_The task:_ Leave out the pictures, and print exactly the lines from the one holding "Equation of rotational motion Formula 4" through the last line of the material.

_Dataset extract:_
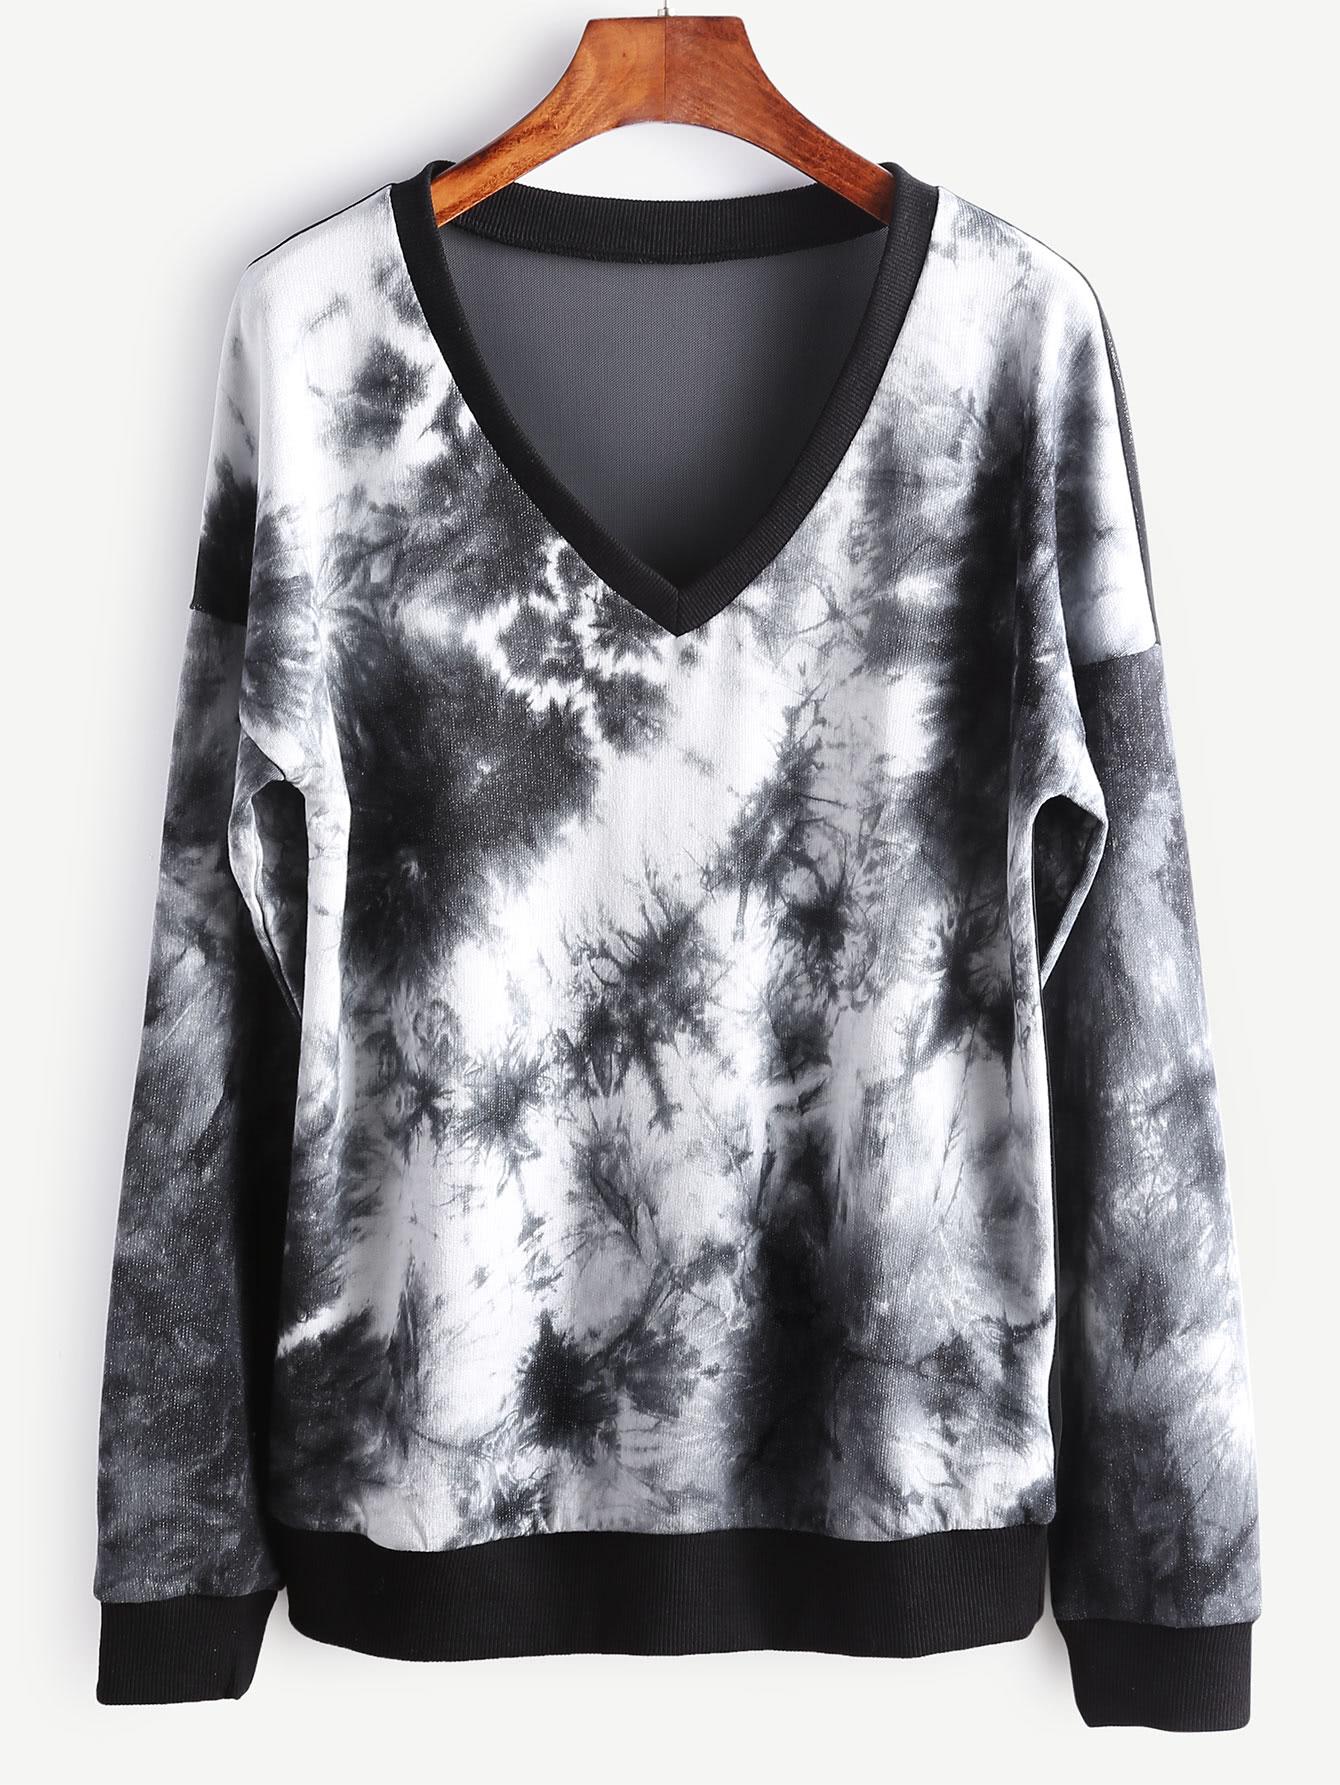 Фото Tie Dye Print Sheer Mesh Back Dropped Shoulders Sweatshirt. Купить с доставкой
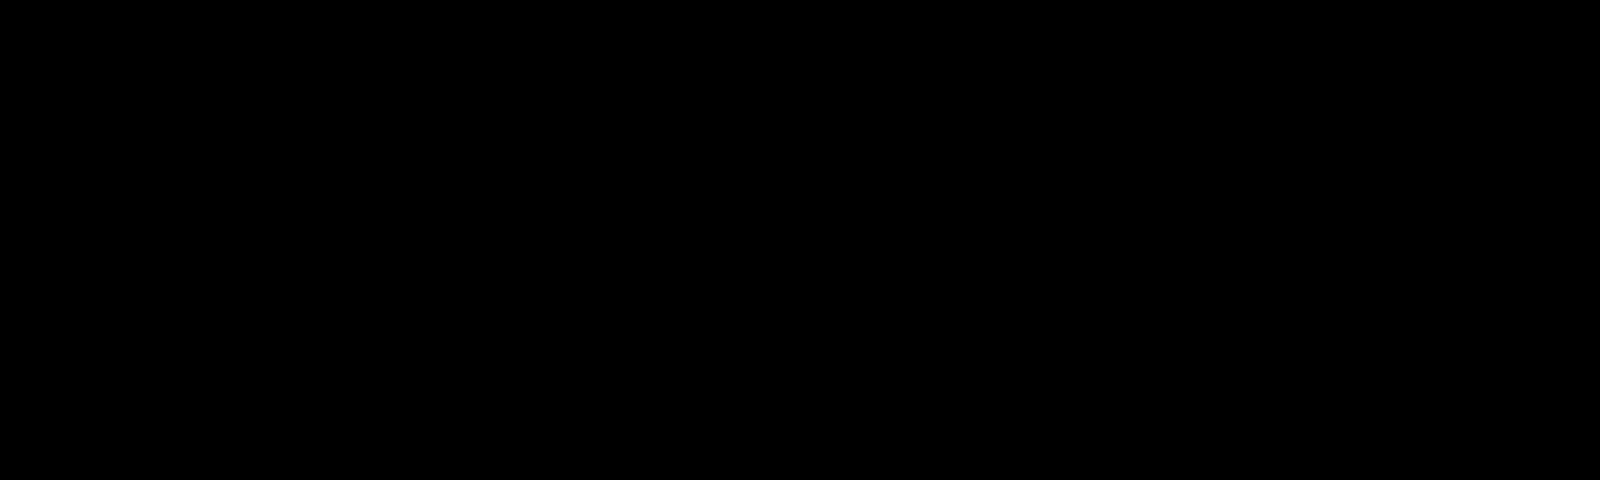 Equation of rotational motion Formula 4
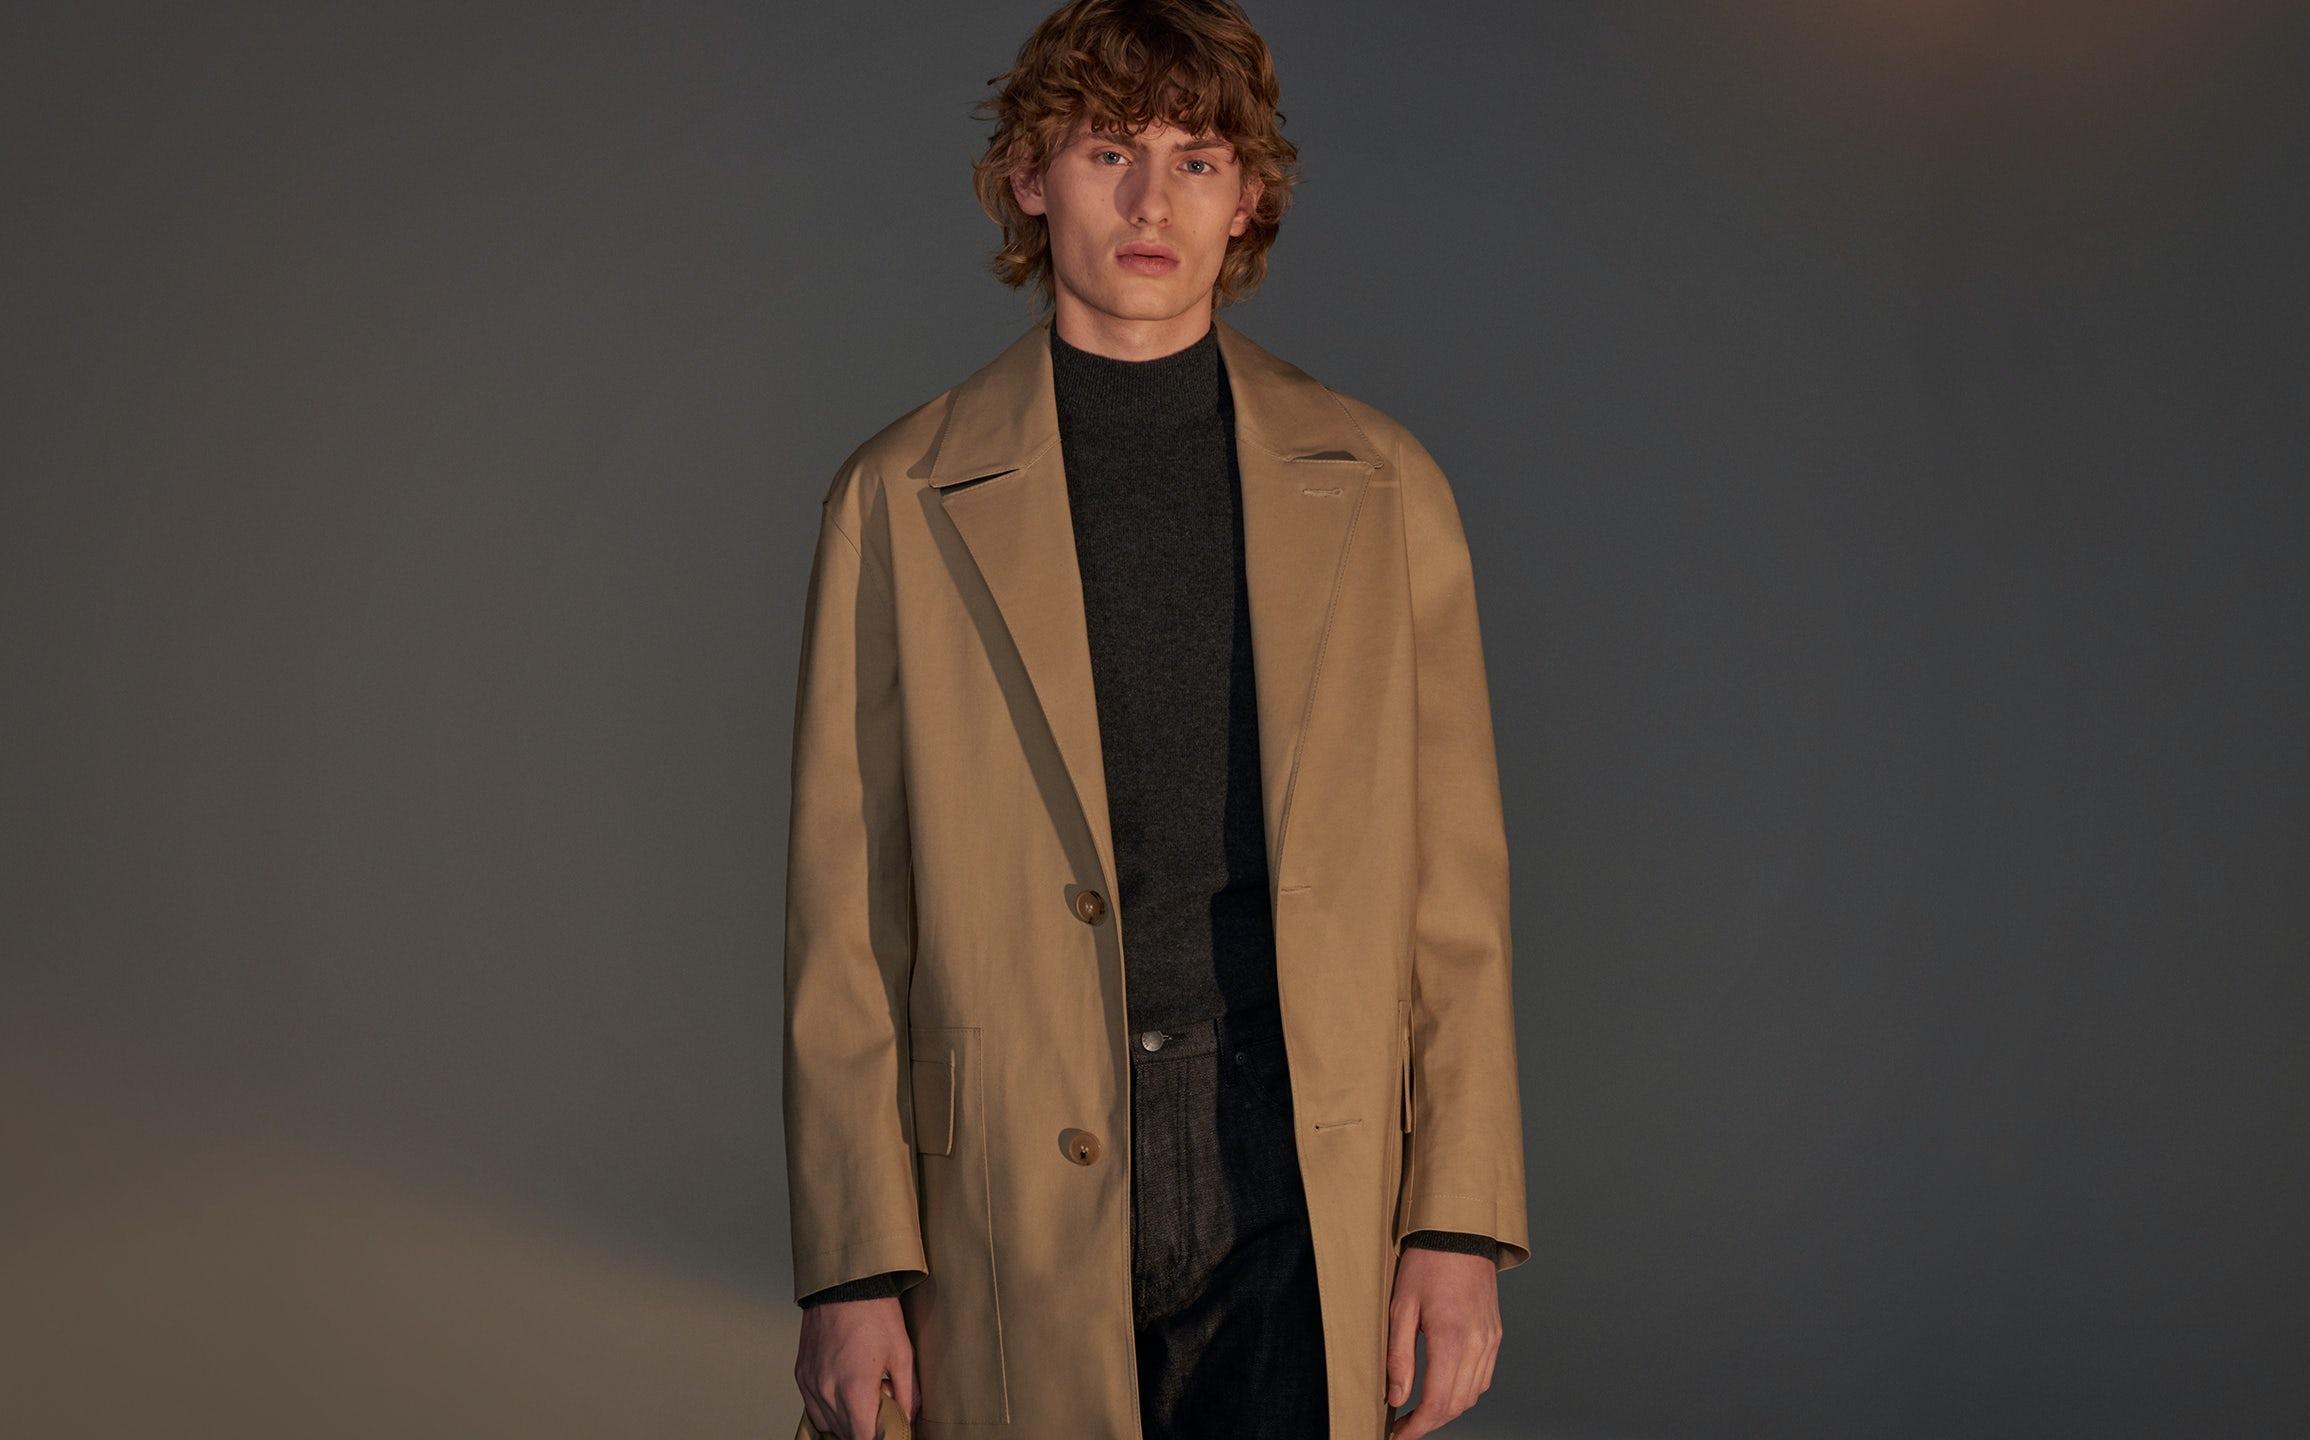 Profile image for Mackintosh

_Task result:_
 Equation of rotational motion Formula 4
 Profile image for Mackintosh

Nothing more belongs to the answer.